HKEY_LOCAL_MACHINE\SOFTWARE\Microsoft\Windows\CurrentVersion\Run

Then I checked the binary data of this re-appearing key -- the key that will
not die! -- and noticed it had a 0000 00 00 entry instead of the 0000 entry I
saw on most every other "Run (Default)" key, so I changed the 0000 00 00 to
just 0000 (like the others), and now the start up folder has a double entry
for one of the other applications that starts: first, it was the
Fingerprint software (this is on a laptop), then after I un-installed and
re-installed the fingerprint app, the startup duplicate went to my
mouse/touchpad start up; now it is off that and onto the firewall startup.

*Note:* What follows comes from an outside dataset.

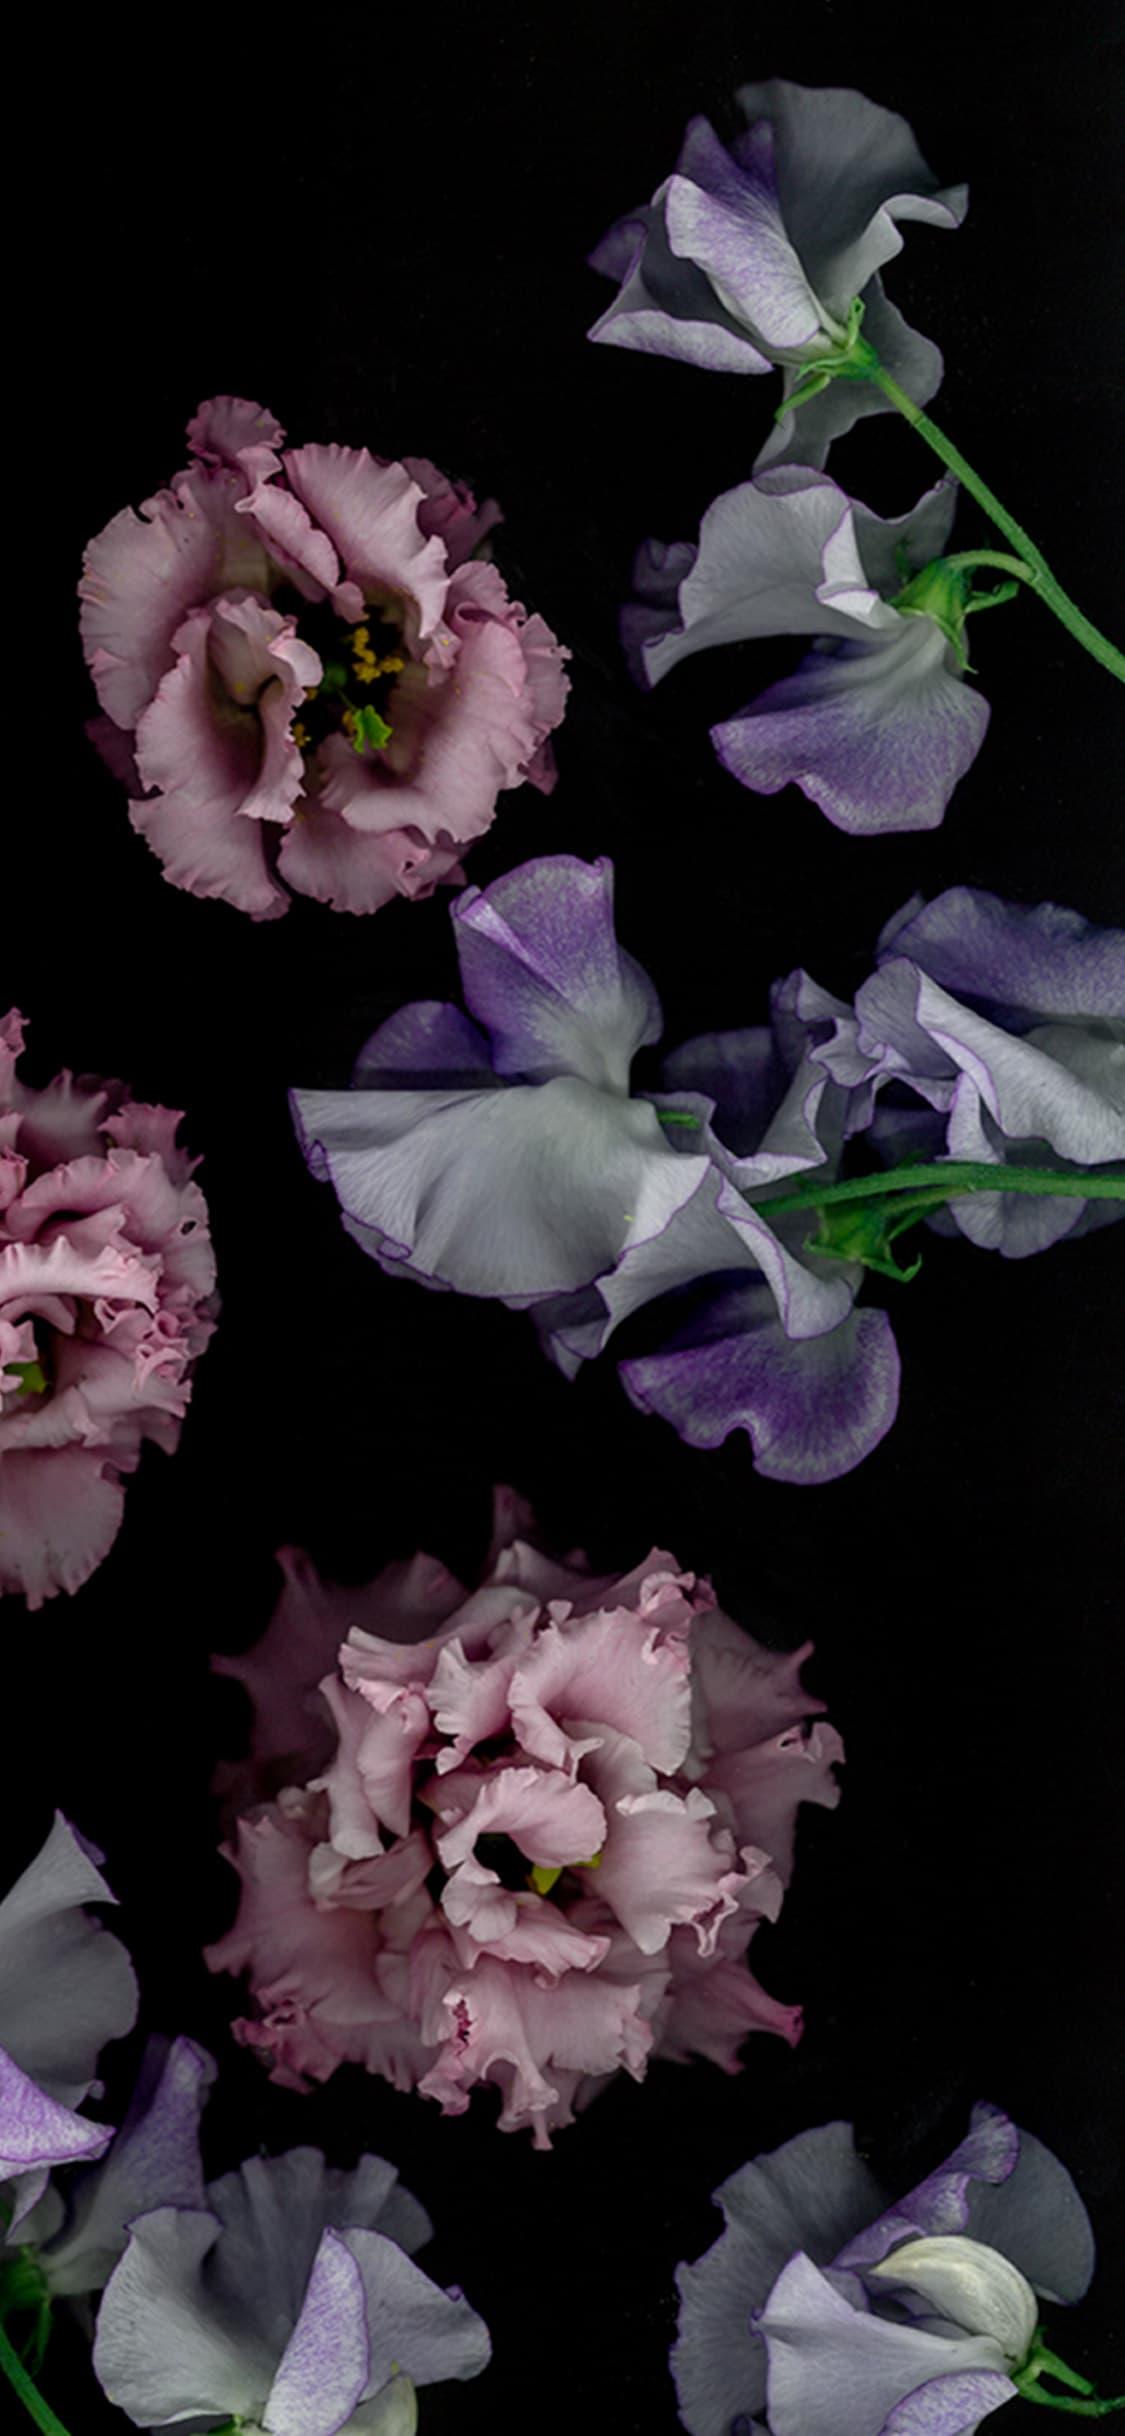 Wallpapers Ici Vous Apprenez Tout Des Fleurs

I'm no expert on modifying the Registry so I'm looking for some
knowledgeable insight.


--

 

[Gary S. Terhune]

You need to run a formal malware scan. Start here:
http://aumha.org/a/quickfix.htm

 

[Guest]

Yes, I've already done that. I have always had a resident AV (Eset nod32)
and I run regular anti-spyware scans with Super-Antispyware, AVG
Anti-Spyware, A-Squared Anti-spy, and Spybot S&D. (I used to run Lavasoft's
Ad-Aware SE but it hasn't flagged anything in over a year, so I dropped it a
few weeks ago.) I run behind a hardware touter, I used Firefox with
No-Script, and surf very conservatively.

I think the problem is with some tweaking I did about a month ago. I got
Uniblue's Registry Booster, a Registry Cleaner, to check it out. I think it
may have taken out some registry key(s) that had referenced my startup
folder. I also did some tweaking around that time on my startup programs
via Ace Utilities startup manager. I think I disabled something in my
startup folder and it got axed by the registry cleaner of the other program.

Can HijackThis help me???



//

 

[Gary S. Terhune]

I think you've identified the problem, and this is why we regulars tell
people, over and over, not to EVER use a Registry Cleaner/Optimizer, etc.
Sorry, I don't know the answer. I've never heard of this behavior. Yes, I've
seen empty Run items, but deleting them once is all that it takes.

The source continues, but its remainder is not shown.